Every Task consists of a method called get_demos. The get_demos function will perform the Task and get the obs ervations which achieve the task.

demos = task.get_demos(2, live_demos=True)  # -> List[List[Observation]] -> List[Observation] represents a individual Demonstration with every item in that List represnts a step in that Demonstration

Agent Setup

Use the models.Agent to create new agents that will implement data and observations from the environments.

class LearningAgent():
    def __init__(self):
        self.learning_rate = None
        self.neural_network = None
        self.optimizer = None
        self.loss_function = None
        self.training_data = None
        self.logger = None
        self.input_state = None
        self.output_action = None

    def injest_demonstrations(self,demos:List[List[Observation]]):
        raise NotImplementedError()

    
    def train_agent(self,epochs:int):
        raise NotImplementedError()
    
    def predict_action(self, demonstration_episode:List[Observation]):
        """
        This should Use model.eval() in Pytoch to do prediction for an action
        This is ment for using saved model
        """
        raise NotImplementedError()

    def act(self,state:List[Observation]):
        """
        This will be used by the RL agents and Learn from feadback from the environment. 
        This will let pytorch hold gradients when running the network. 
        """
        raise NotImplementedError()

    def save_model(self,file_path):
        if not self.neural_network:
            return
        self.neural_network.to('cpu')
        torch.save(self.neural_network.state_dict(), file_path)
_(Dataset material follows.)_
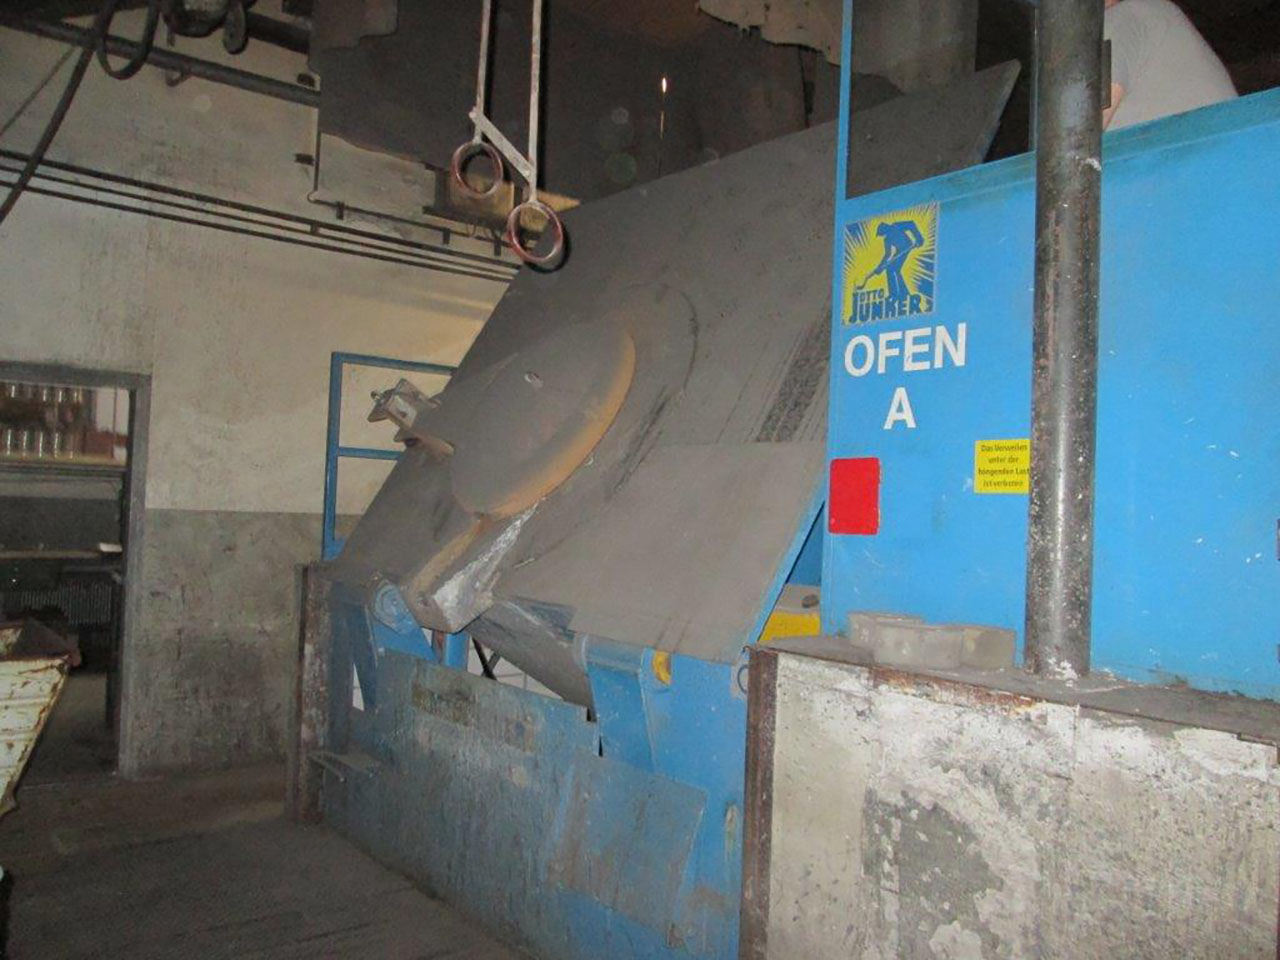 OTTO JUNKER MFT Ge 1500 melting furnace O1649, used

    def load_model(self,file_path):
        if not self.neural_network:
            return
        # $ this will load a model from file path.
        self.neural_network.load_state_dict(torch.load(file_path))

The deep_learning_rl.py file contains methods that can directly get demonstrations and for immitation learning. The file also contains a method(simulate_trained_agent) which takes a learned Agent and runs it in simulation without headless mode for quick evaluation of model.
Example of Dumb Agent Learning a Stupid Policy(state->neural net->action) from demostration can be found in the models.ImmitationLearning.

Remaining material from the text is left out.